Invictus resonates in your soul long after the final credits role. The story of the Springbok illustrates sport in its most influential state. An almost all-white rugby team brought a disparate nation together. It transcended cultural divisions and delivered a nation into an unimaginable cultural renaissance.

In almost every single journalism class I have ever taken, my peers usually take sports news to task as being unimportant compared to politics and the economy. They comment that sports is not serious and write it off as fluff. What they find themselves unable to understand is that many people care more about sports than they do about the new president of some country they've never seen. Examples like Invictus show that sports has the power to change the world.
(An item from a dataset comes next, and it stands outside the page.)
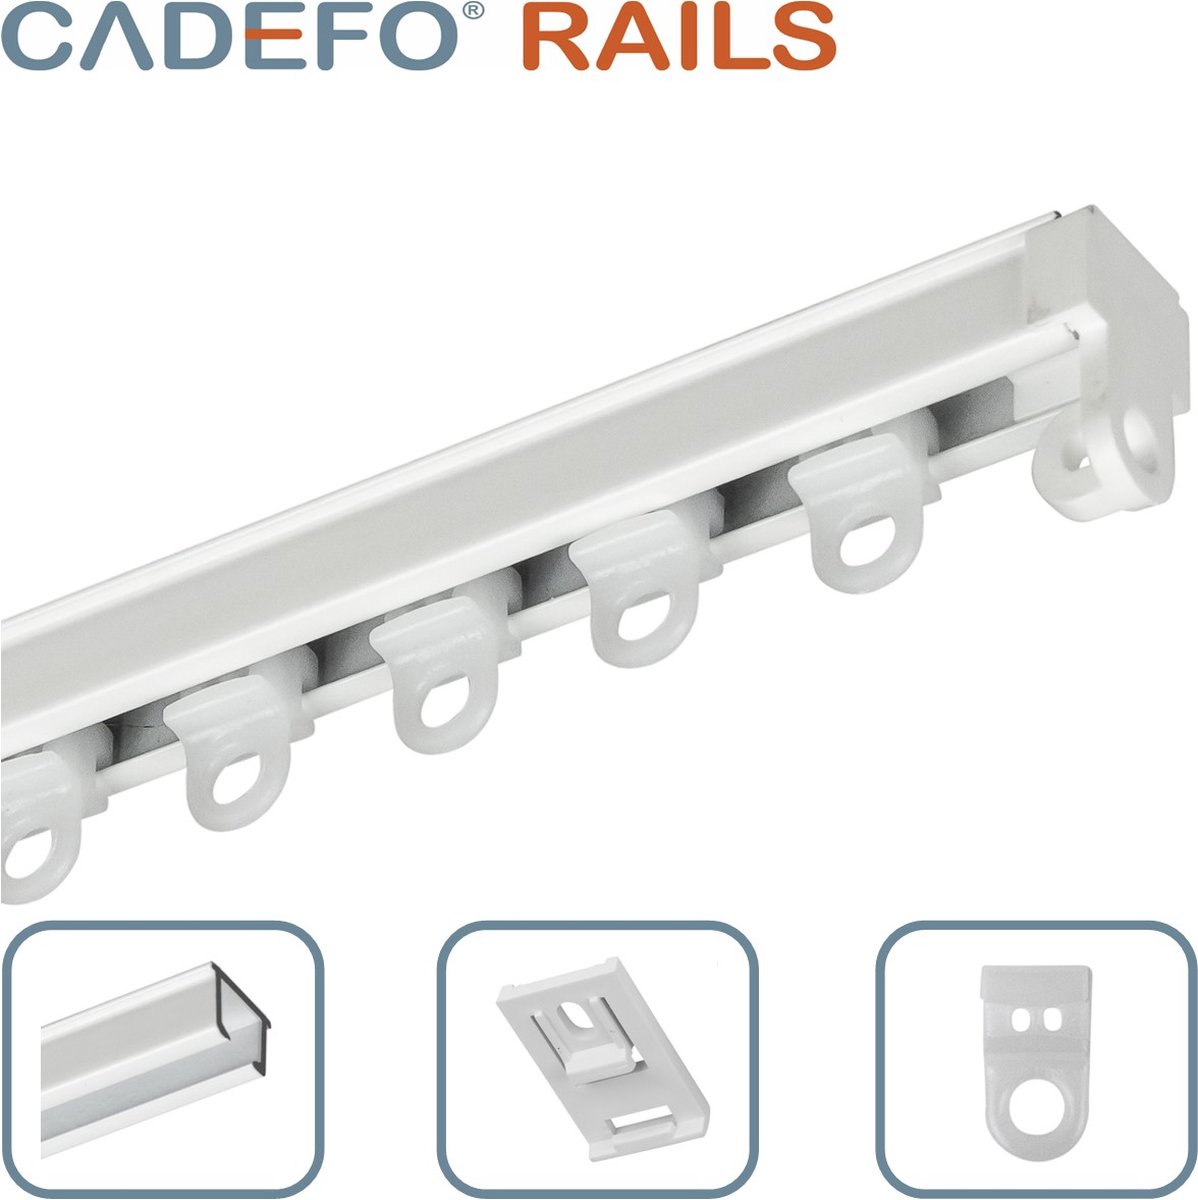 CADEFO RAILS (151 - 200 cm) Gordijnrails - Compleet op maat! - UIT 1 STUK - Leverbaar tot 6 meter - Plafondbevestiging - Lengte 191 cm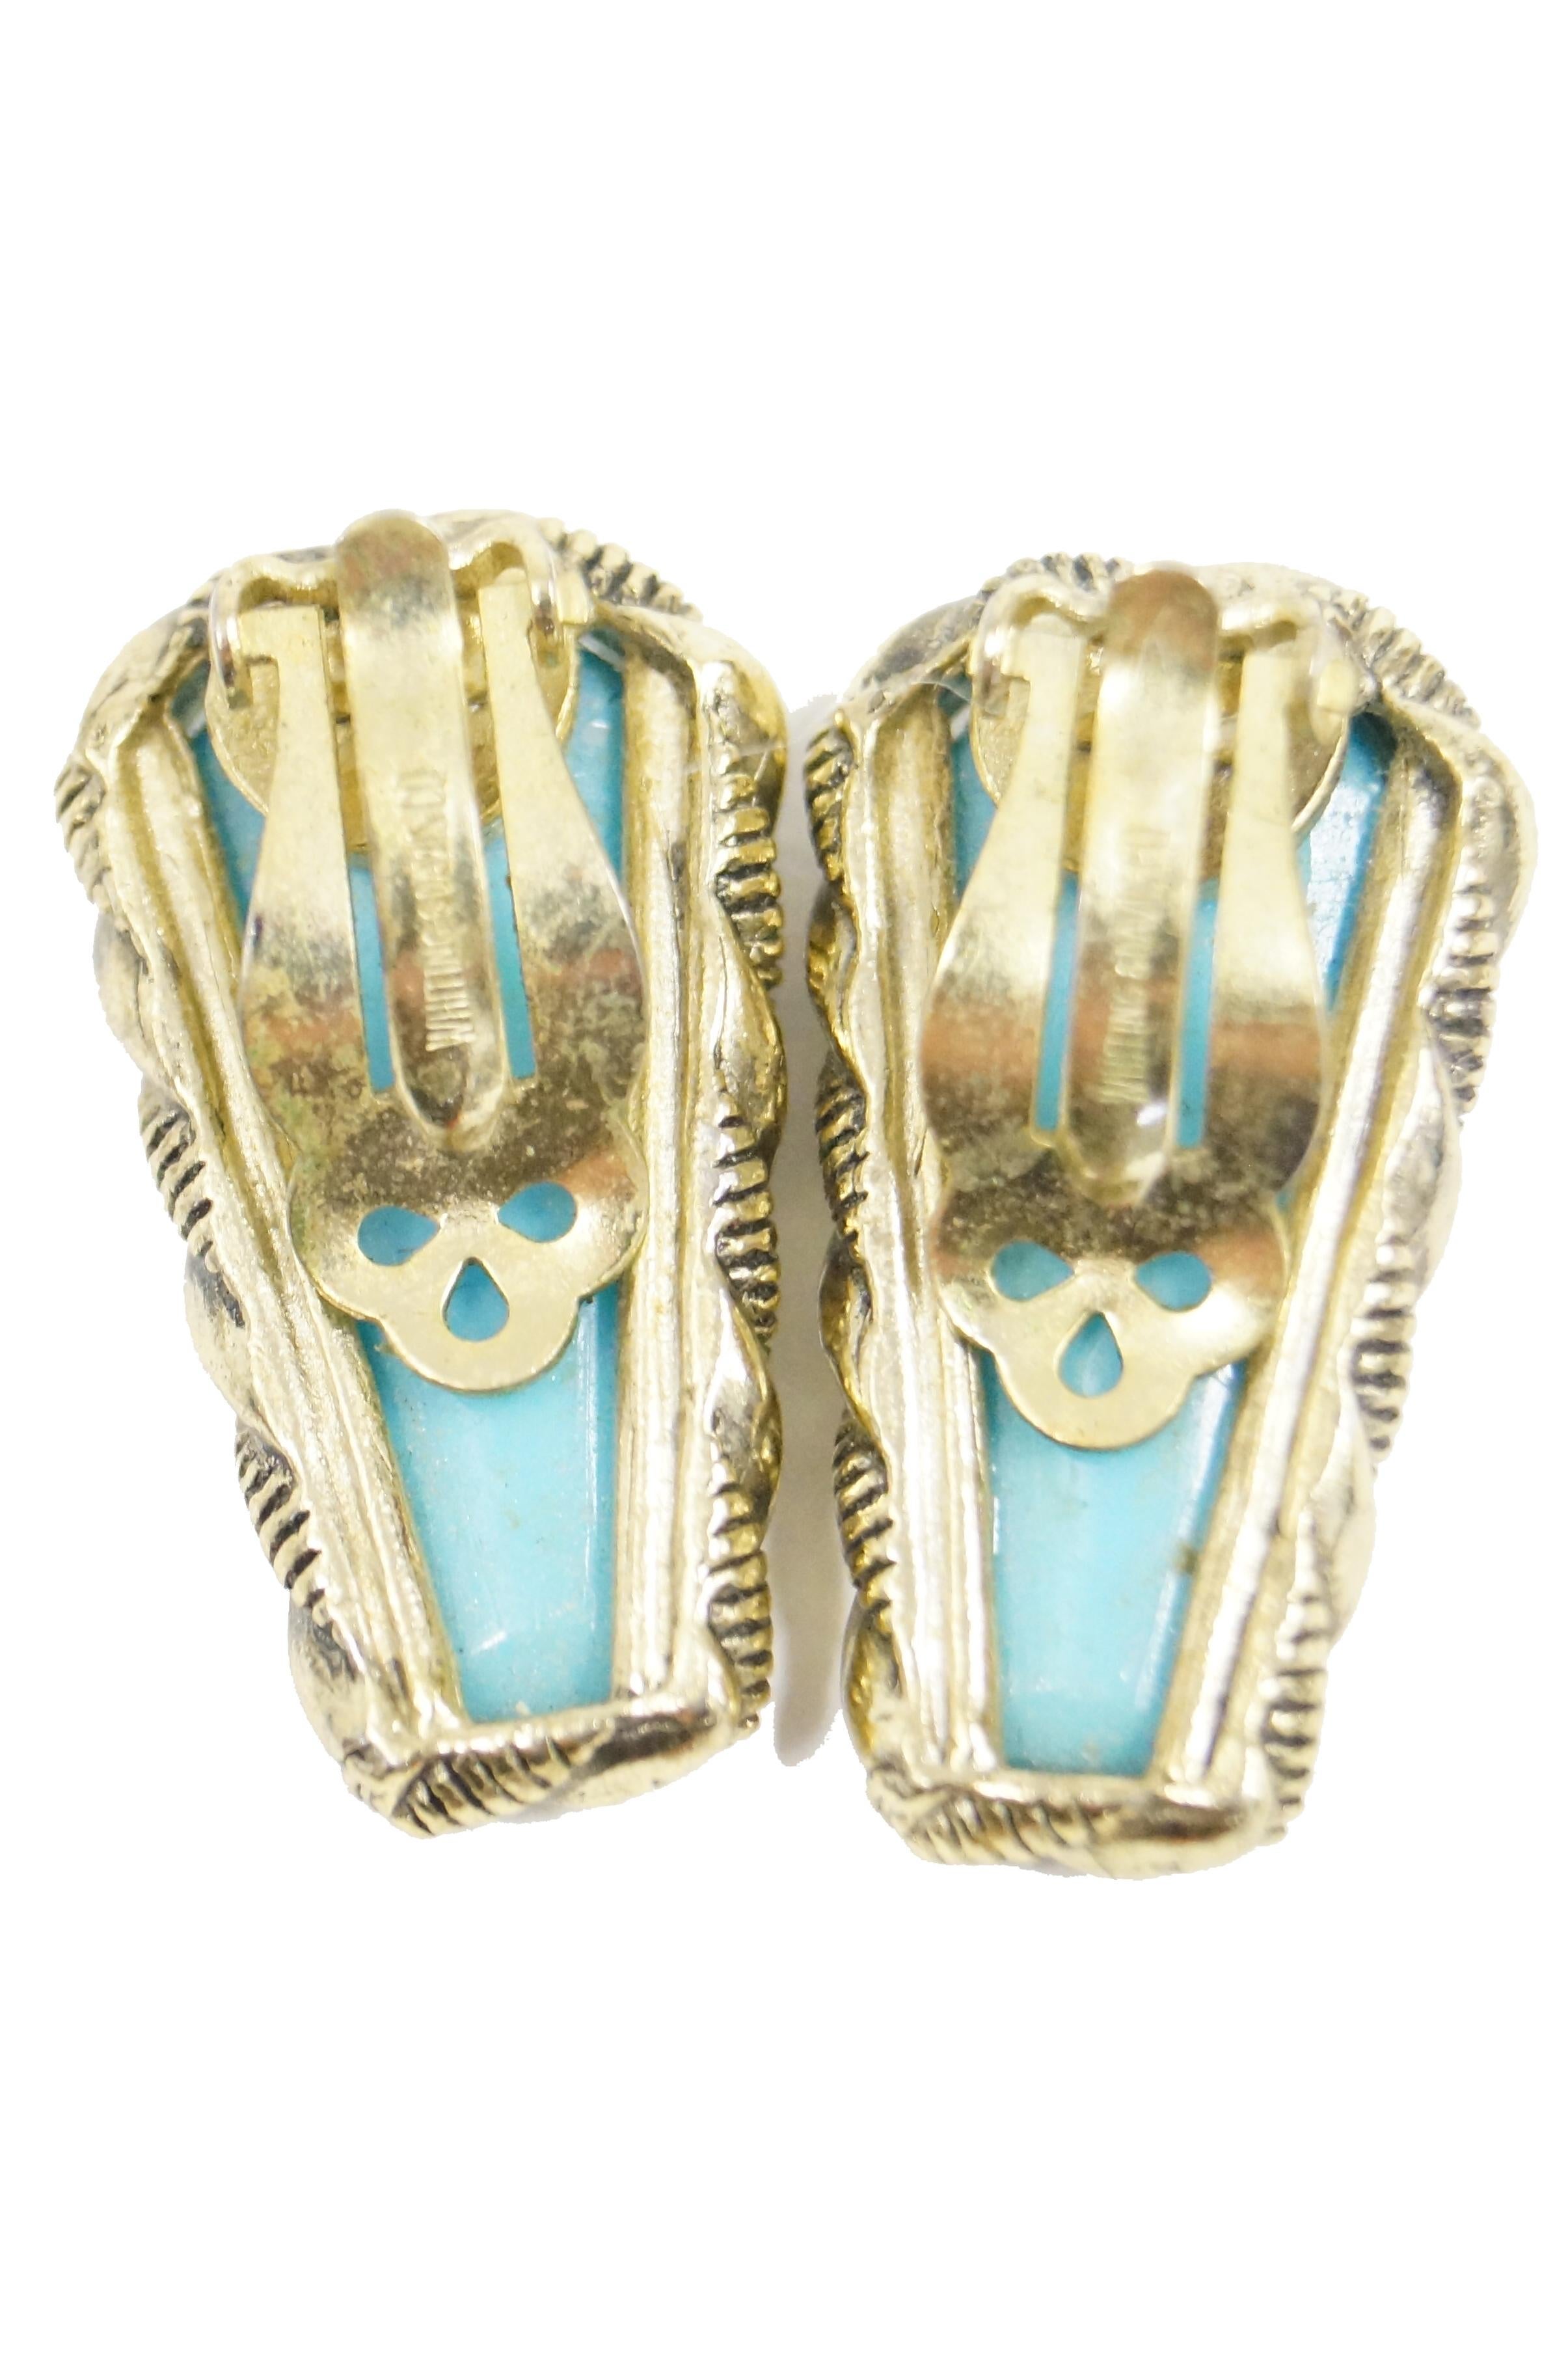 1970s Whiting & Davis Egyptian Revival Pharaoh Bracelet and Earrings For Sale 5

Out of the night that covers me,
Black as the Pit from pole to pole,
I thank whatever gods may be
For my unconquerable soul.

In the fell clutch of circumstance
I have not winced nor cried aloud.
Under the bludgeonings of chance
My head is bloody, but unbowed.

Beyond this place of wrath and tears
Looms but the Horror of the
shade,
And yet the menace of the years
Finds, and shall find, me unafraid.

It matters not how strait the gate,
How charged with punishments the scroll.
I am the master of my fate:
I am the captain of my soul.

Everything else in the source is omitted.